That evening, Christopher Dye sent Amy and Garrett outside to shovel gravel as punishment, Amy for taking the food and her brother for driving his car without permission. Garrett Dye told police he became angry at the girl for chattering, the records said.
"The next thing he knew, he had hit Amy four times in the head with the jack handle, and she was laying on the ground," according to a social worker's interview with a state police detective.
According to the records, Garrett told police he dragged the body into some bushes and "ran inside the home and changed into clean clothes and hid his bloody clothes."
When Amy didn't return to the home that night, the Dyes reported her missing to police, who found her body after searching the property, according to the records. Garrett Dye was charged with Amy's murder two days later.
In the months before her death, Christopher and Kimberly Dye had forced Amy to go outside in freezing weather to get clean clothes when she accidentally soiled herself because of bowel problems, according to records. After her death, police found all the drawers from her dresser containing her clothes outside on a trailer under a tarp, the records said.
The social worker's report said Kimberly Dye reportedly was tired of Amy "pooping on herself" and said "if she was going to act like a dog, she would be treated like one," according to the records.
The records also detail an incident last January in which Christopher Dye admitted that about a month before Amy's death he took her to a hotel in Clarksville, Tenn., and left her alone in the parking lot to punish her for misbehavior.
"He thought this would be a good time to teach Amy a lesson," the social worker's report said.

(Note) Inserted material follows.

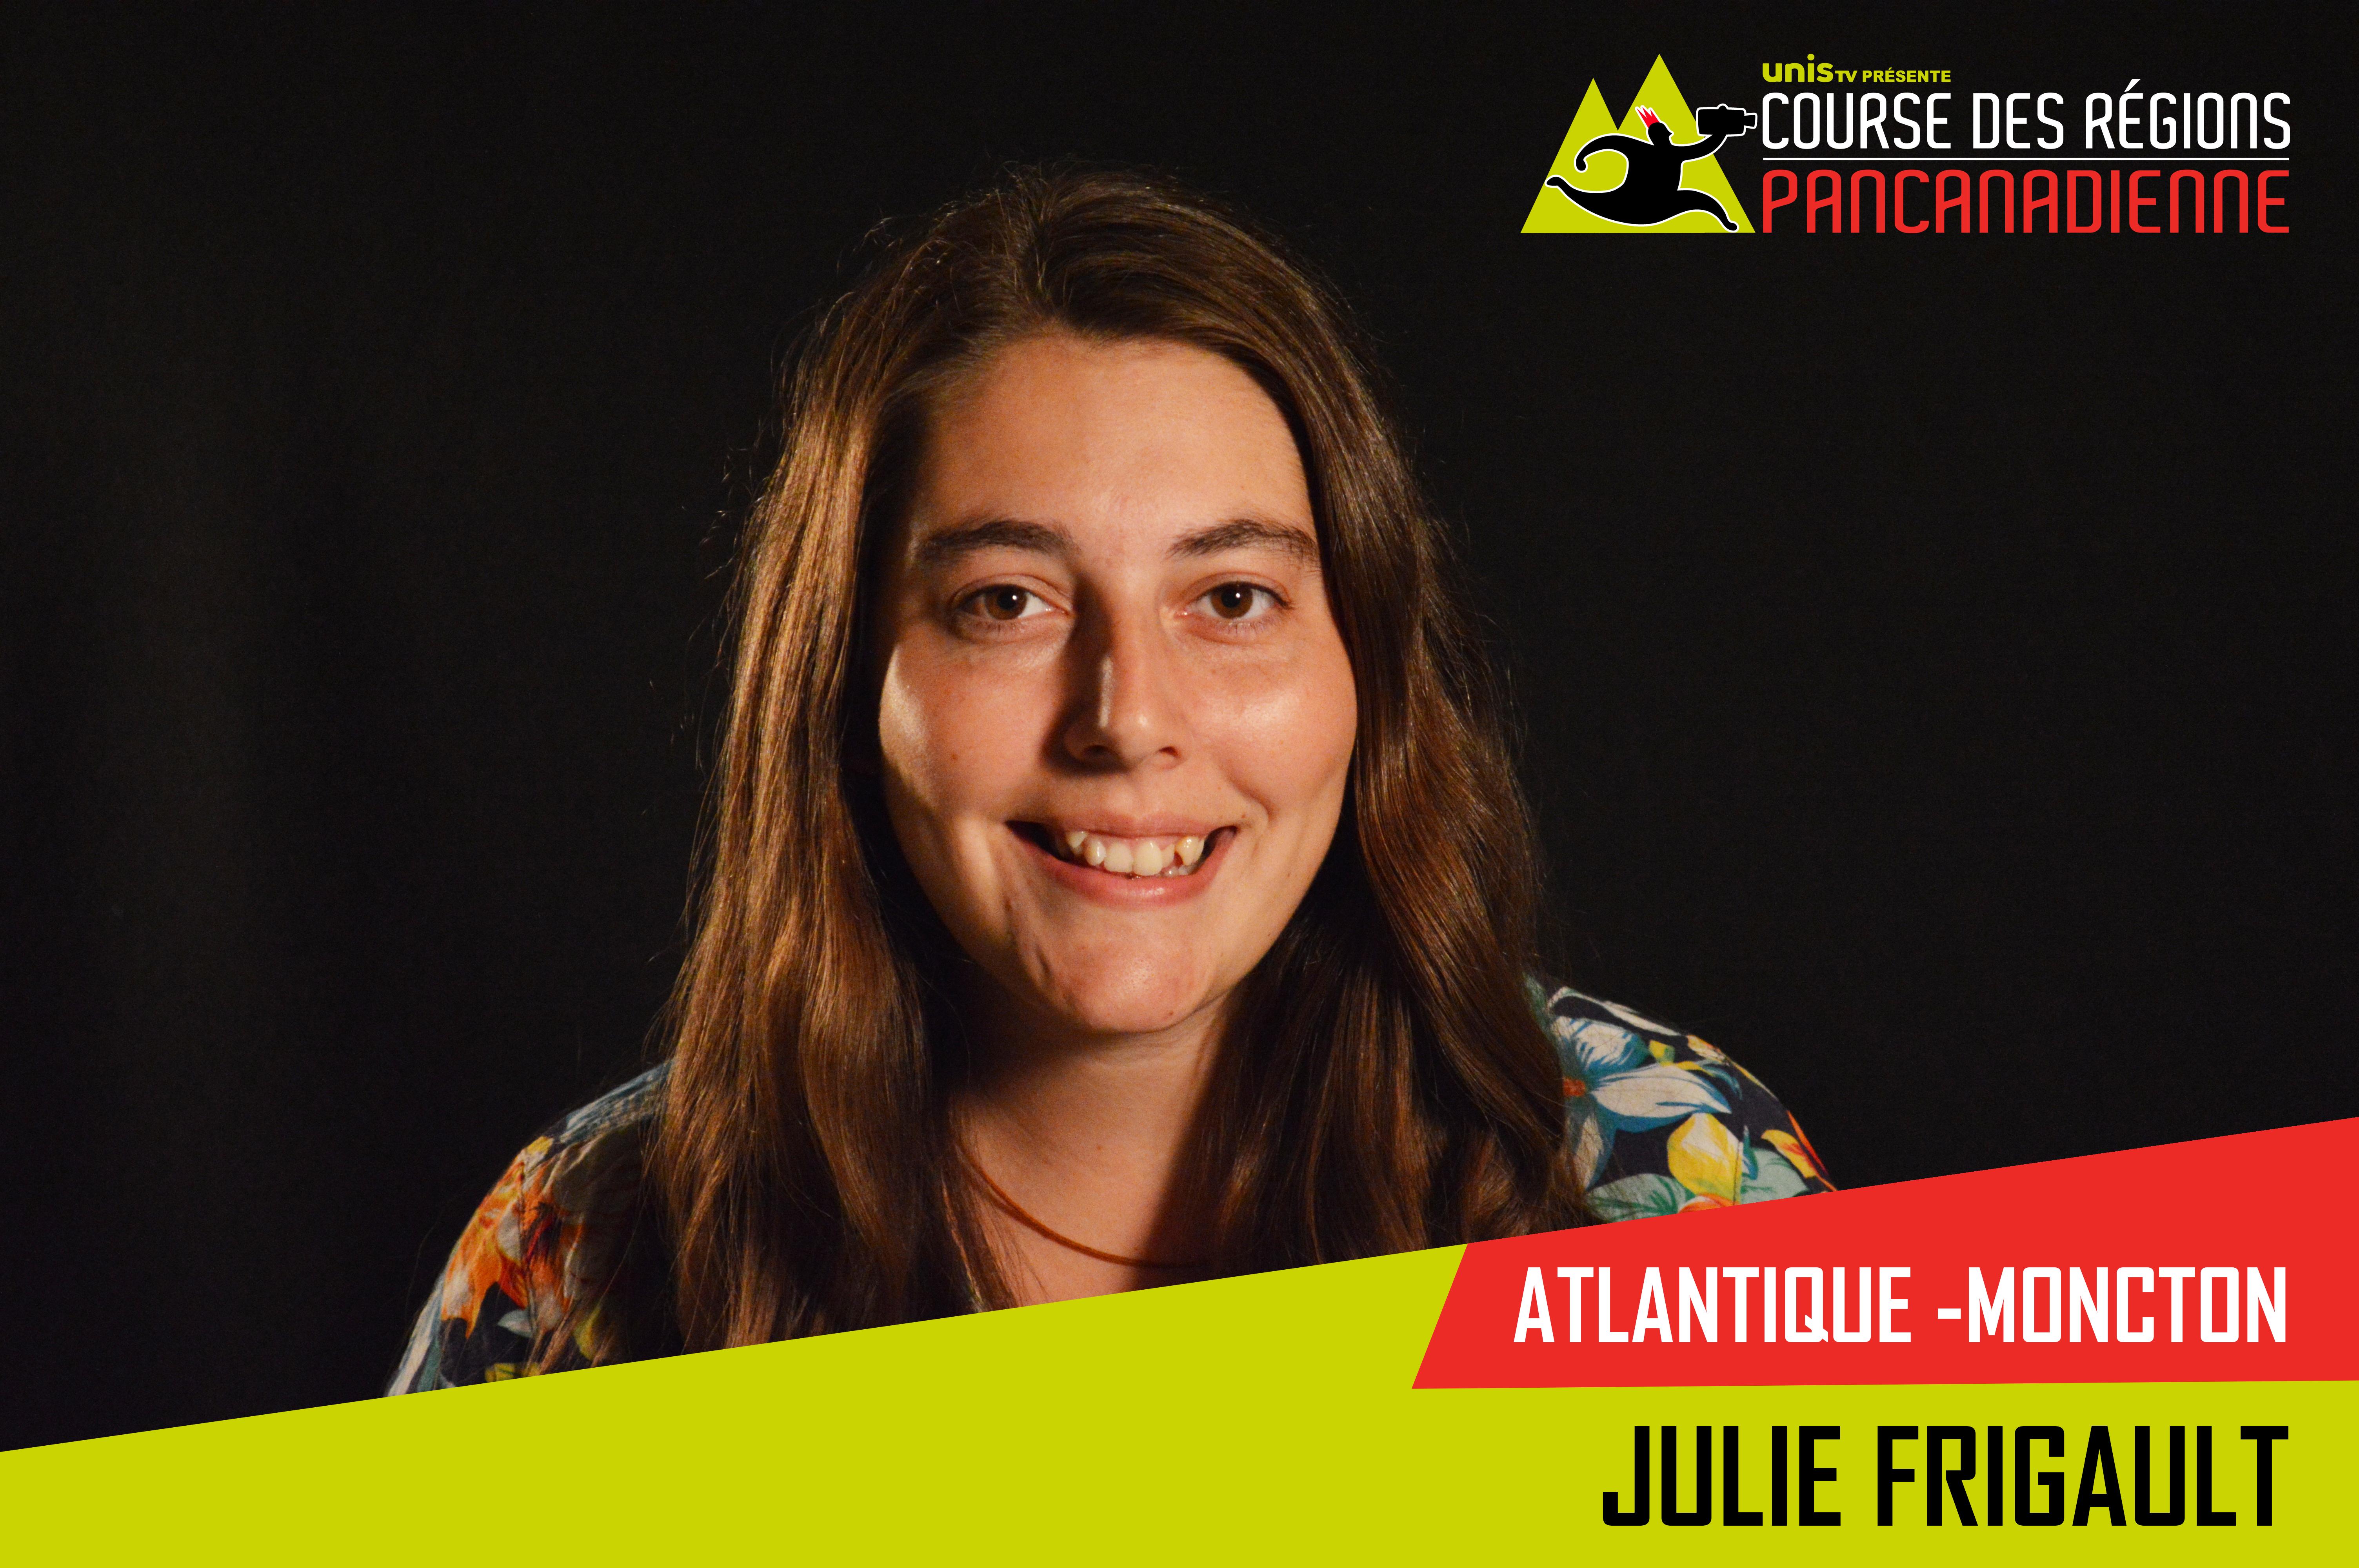 1. Julie Frigault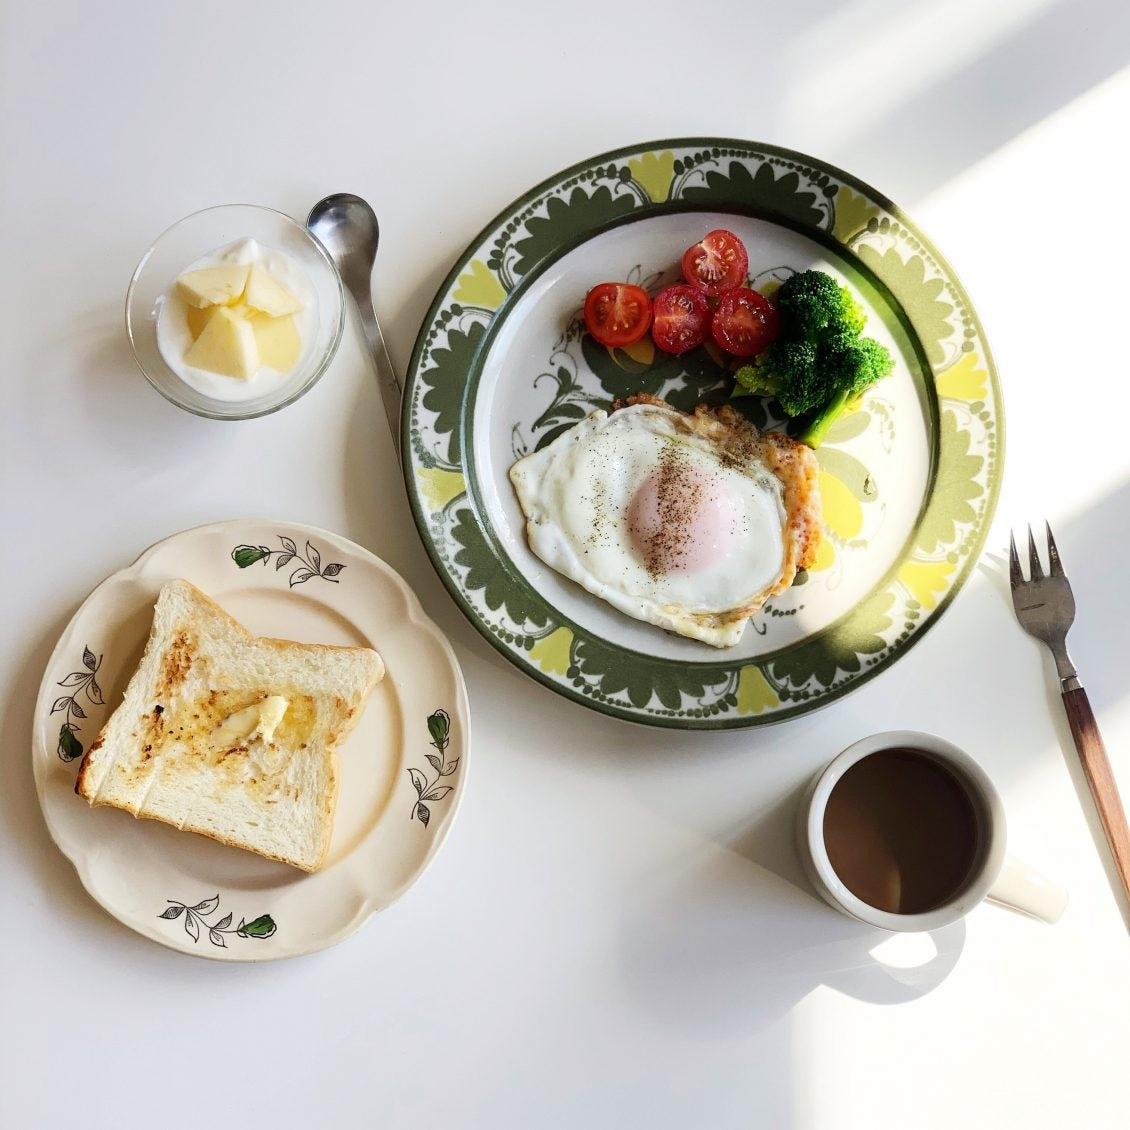 【朝食と器】お気に入りの器にのせて。スタッフの「休日朝ごはん」を大解剖!(vol.1)

Christopher Dye said he only left her for about a minute, then returned and found Amy "scared, upset and crying," the records said. The records said he told Amy that if she didn't improve her behavior, "this is what's going to happen."
That incident prompted Kentucky social service officials to substantiate a finding of child neglect against Christopher Dye for being an "inattentive caregiver" and using "unusual discipline." Records show he was notified of the finding Aug. 11, six months after Amy's death. State officials closed the case with no further action planned, the records said.
Richard, Amy's grandmother, said she is haunted by thoughts of "what that poor baby went through."
And she said she still has this question: "What's going to happen to the state of Kentucky?"